By Claudio Santos
Virtual reality brings a lot of new terminology to the post process, and we’re all having a hard time agreeing on the meaning of everything. It’s tricky because clients and technicians sometimes have different understandings of the same term, which is a guaranteed recipe for headaches in post.
Two terms that I’ve seen being confused a few times in the spatial audio realm are Gaze Activation and Focus. They are both similar enough to be put in the same category, but at the same time different enough that most of the times you have to choose completely different tools and distribution platforms depending on which technology you want to use.
Focus is what the Facebook Spatial Workstation calls this technology, but it is a tricky one to name. As you may know, ambisonics represents a full sphere of audio around the listener. Players like YouTube and Facebook (which uses ambisonics inside its own proprietary .tbe format) can dynamically rotate this sphere so the relative positions of the audio elements are accurate to the direction the audience is looking at. But the sounds don’t change noticeably in level depending on where you are looking.

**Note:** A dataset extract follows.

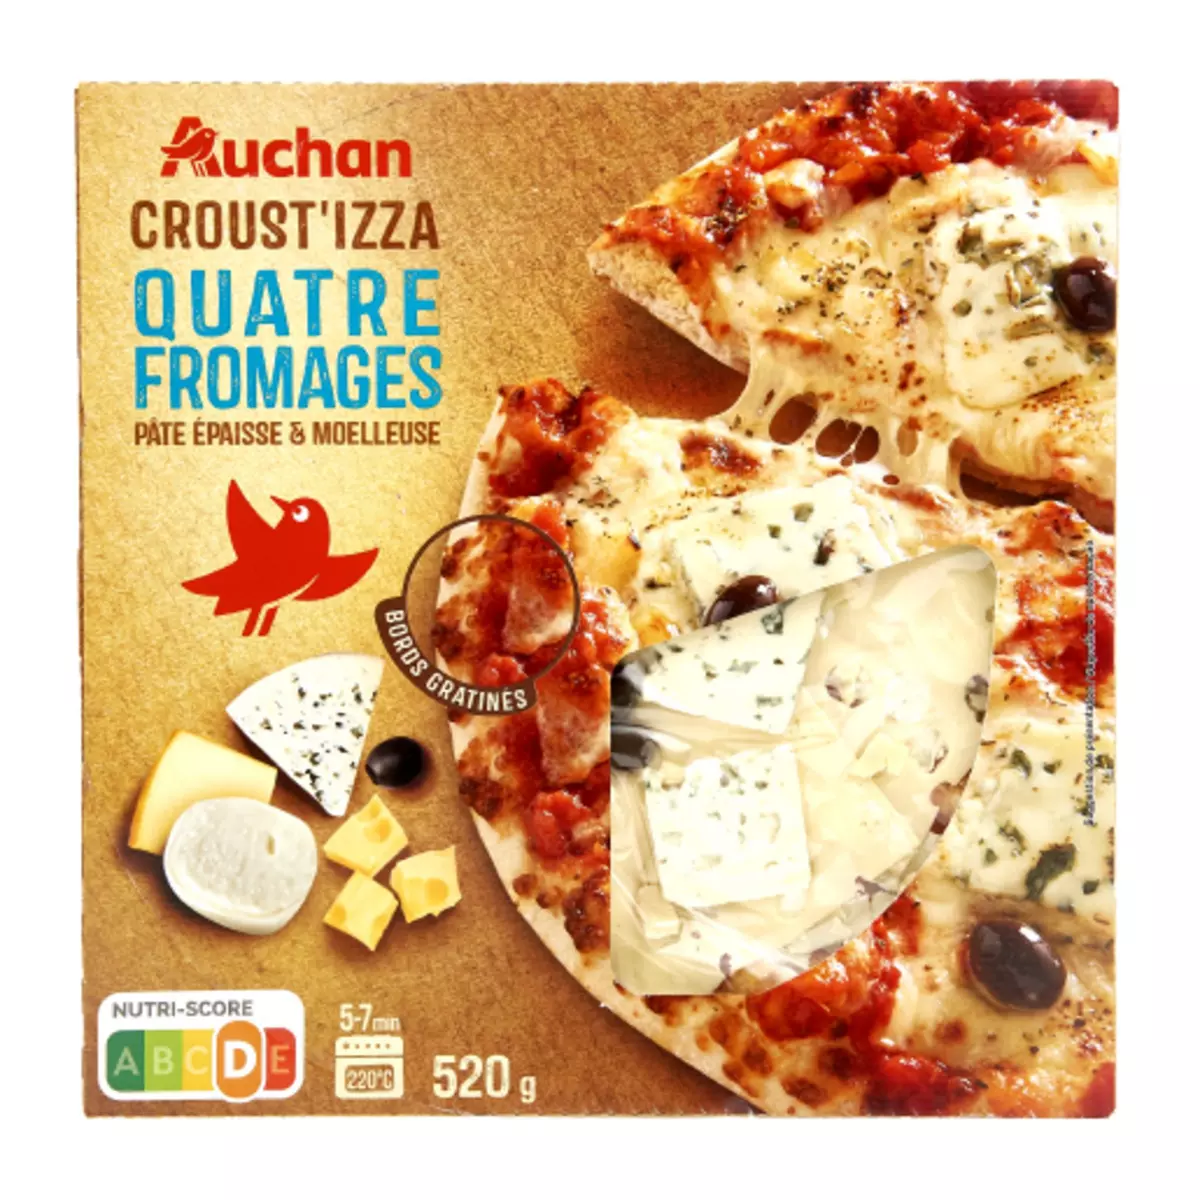 AUCHAN Croust izza 4 fromages 1 pièce 550g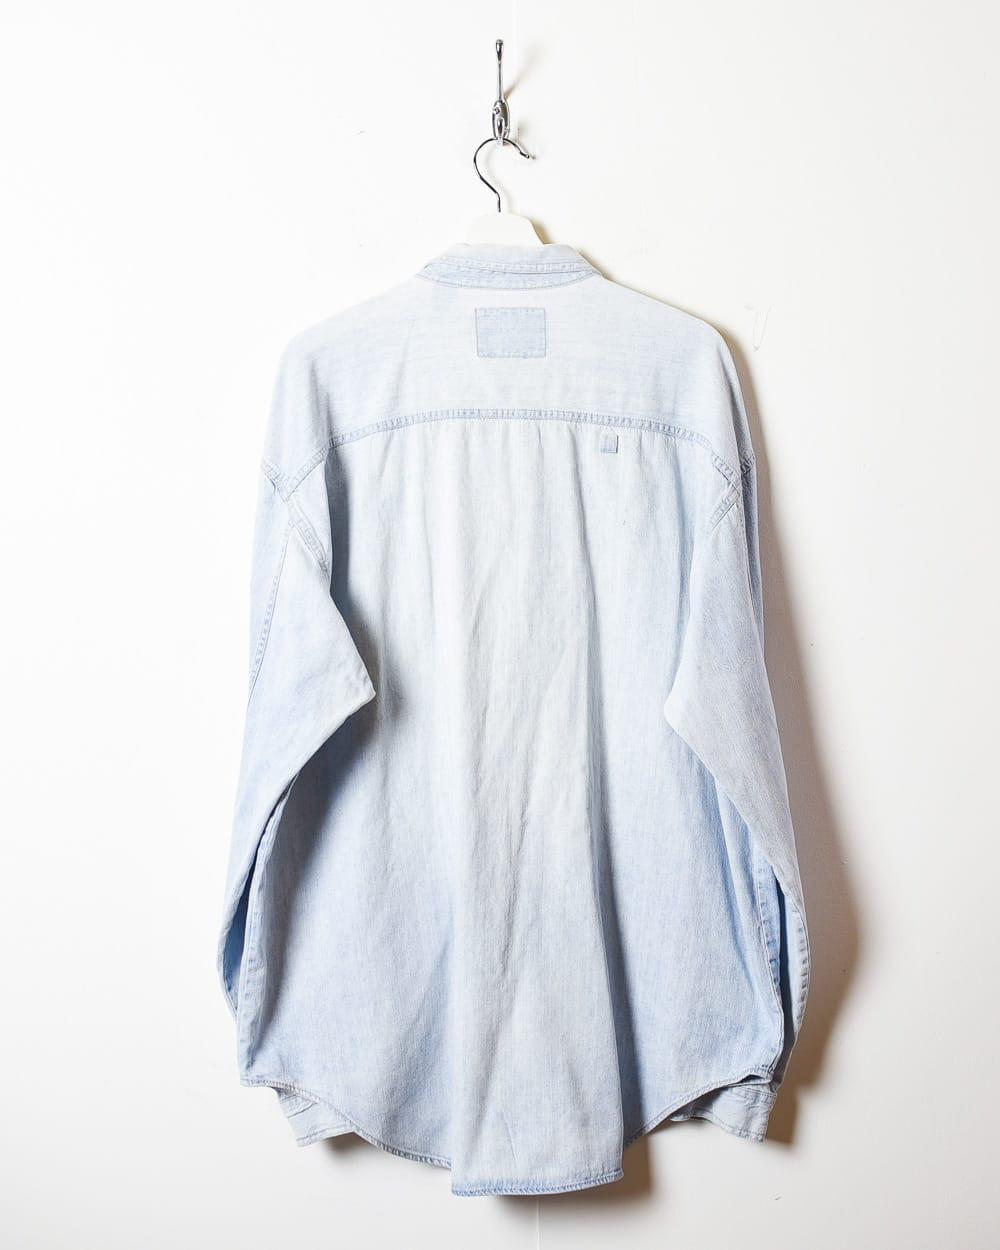 BabyBlue Levi's Denim Shirt - XX-Large

If we take a step back and think about “surround sound” in the real world, it actually makes perfect sense. A hair clipper isn’t particularly louder when it’s in front of our eyes as opposed to when its trimming the back of our head. Nor can we ignore the annoying person who is loudly talking on their phone on the bus by simply looking away.
But for narrative construction, it can be very effective to emphasize what your audience is looking at. That opens up possibilities, such as presenting the viewer with simultaneous yet completely unrelated situations and letting them choose which one to pay attention to simply by looking in the direction of the chosen event. Keep in mind that in this case, all events are happening simultaneously and will carry on even if the viewer never looks at them.
This technology is not currently supported by YouTube, but it is possible in the Facebook Spatial Workstation with the use of high Focus Values.
When we talk about focus, the key thing to keep in mind is that all the events happen regardless of the viewer looking at them or not. If instead you want a certain sound to only happen when the viewer looks at a certain prop, regardless of the time, then you are looking for Gaze Activation.
This concept is much more akin to game audio then to film sound because of the interactivity element it presents. Essentially, you are using the direction of the gaze and potentially the length of the gaze (if you want your viewer to look in a direction for x amount of seconds before something happens) as a trigger for a sound/video playback.
This is very useful if you want to make impossible for your audience to miss something because they were looking in the “wrong” direction. Think of a jump scare in a horror experience. It’s not very scary if you’re looking in the opposite direction, is it?
This is currently only supported if you build your experience in a game engine or as an independent app with tools such as InstaVR.
Both concepts are very closely related and I expect many implementations will make use of both. We should all keep an eye on the VR content distribution platforms to see how these tools will be supported and make the best use of them in order to make 360 videos even more immersive.
Claudio Santos is a sound editor and spatial audio mixer at Silver Sound. Slightly too interested in technology and workflow hacks, he spends most of his waking hours tweaking, fiddling and tinkering away on his computer.